10-fold cross-validation accuracies (the accuracy values used to select best parameter and voxel sets). These result are obtained with Support Vector Machines (SVM), polynomial kernel, f(x) = 0.007(Φ(x). Φ(x') + 10)4, coefficient R = 1.0, and penalty parameter C = 15. The 10-fold cross validation accuracy peaks with 1500 voxels in 30 clusters

To select the parameter set for SVM and voxel clusters, three different types of schemas, focusing 1500 voxels in 30 clusters with at least 20 spatially connected voxels in each, were explored. Model accuracy for all assessments (F-measure, sensitivity, specificity) was 1.0, meaning that both groups were perfectly separable in a higher dimensional space, which had all 162 participants mapped by a degree-four polynomial kernel. The F-measure of LOO and 10xCV were 0.89 and 0.88, respectively. Sensitivity and specificity were 0.90 and 0.89 for LOO; 0.83 and 0.83 for 10xCV, respectively. Similar results for LOO and 10xCV indicated that the classification model build using 1500 clustered voxels appeared robust to the exclusion of either one or 10 subjects. 29 of 30 clusters showed significant features having p-value less than or equal to 0.002. All identified clusters and corresponding regions are detailed in the Fig. 7.

Fig. 7
figure 7

Regions that is used to classify cocaine-dependent and controls participants with the best accuracy. 1500 voxels in 30 clusters were identified. Figure shows sagittal sections of region-of-interests (ROIs) where 100 % model, 89 % LOO, and 88 % 10xCV accuracies were obtained. Red identifies clusters of increased regional cerebral blood flow (rCBF) in cocaine-dependent participants relative to controls. Blue identifies clusters of decreased (rCBF) in cocaine-dependent participants relative to controls. Slice numbers are in MNI coordinates. MNI coordinates of each cluster and images in axial planes are provided in the Additional file 1

Identified regions of interest

Of the 30 clusters used to successfully classify cocaine-dependent and control participants, 27 showed relative rCBF increases in cocaine-dependent compared to control participants and three showed rCBF decreases in cocaine-dependent compared to control participants (see Fig. 7; transverse images and MNI coordinates provided in Additional file 1).
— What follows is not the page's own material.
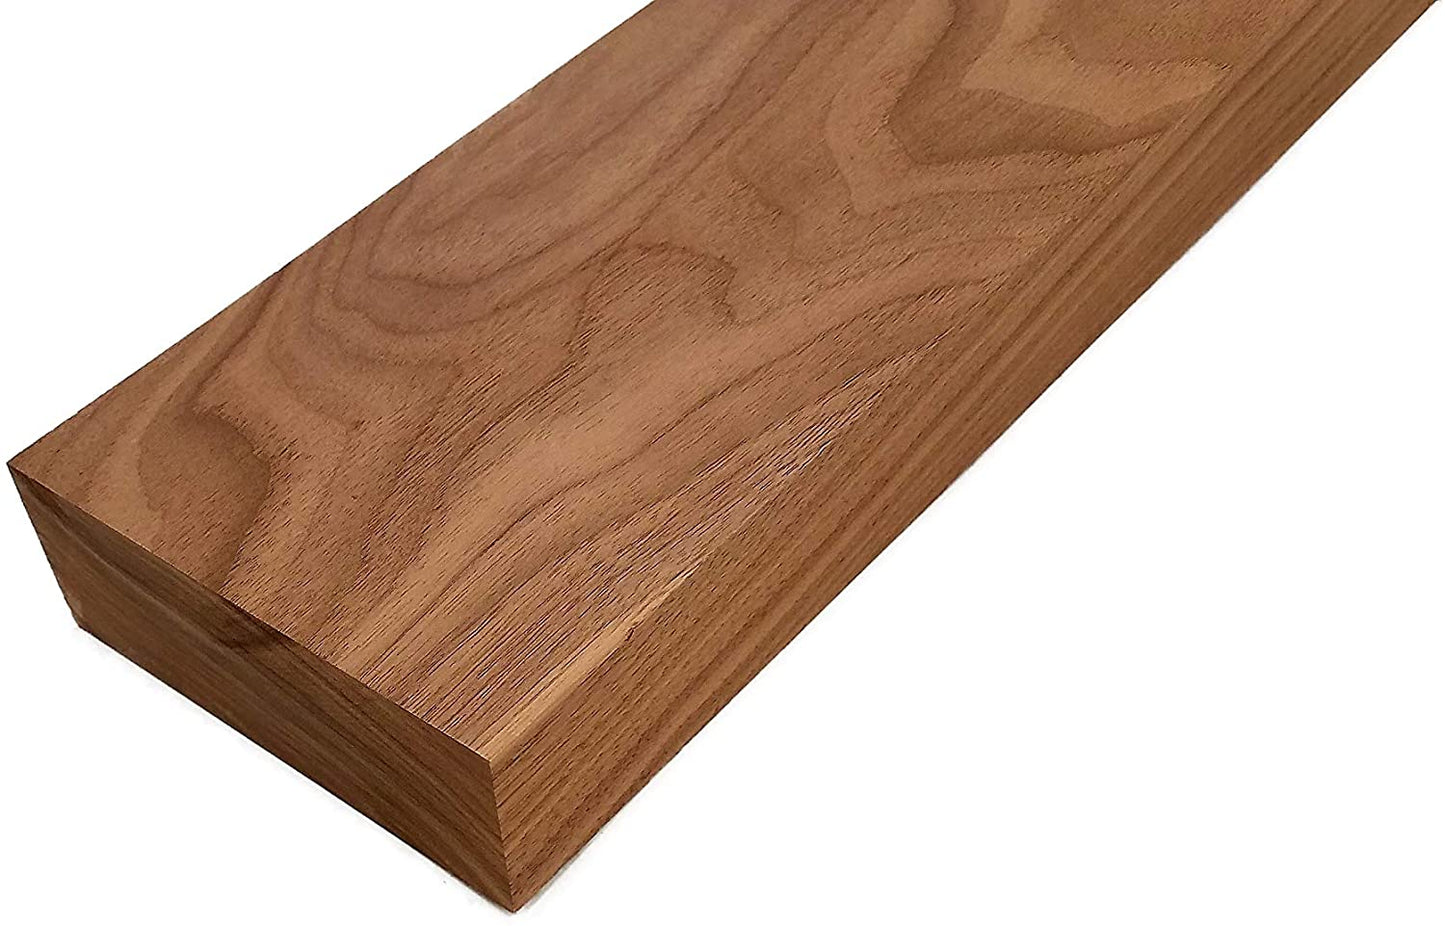 Walnut Lumber Board - 1 3/4" x 6"

A large cluster in the left superior parietal gyrus, encompassing almost 20 % of the voxels used in classification, showed higher rCBF in the cocaine-dependent participants relative to controls. Other clusters of increased rCBF in the cocaine-dependent participants included the right and left pre- and post-central gyrus and cerebellum, the left transverse temporal gyrus, inferior parietal lobule, thalamus, parahippocampus, posterior cingulate, and cuneus, and right middle temporal gyrus, lingual gyrus and precuneus. Clusters with decreased rCBF in the cocaine-dependent participants, relative to controls, were restricted to the left lateral OFC and bilateral superior temporal cortex.


It is shown that a machine learning framework based on SVM-based classifier and feature selection method and primarily supported with a density-based clustering tool successfully classified cocaine-dependent from healthy controls individuals with 0.89 LOO and 0.88 10xCV accuracies. Sensitivity, the ability to correctly identify those having the disorder, was 0.90. Given these high classification rates, determined by cross-validation, our final SVM model may offer insights into the pathogenesis of cocaine addiction.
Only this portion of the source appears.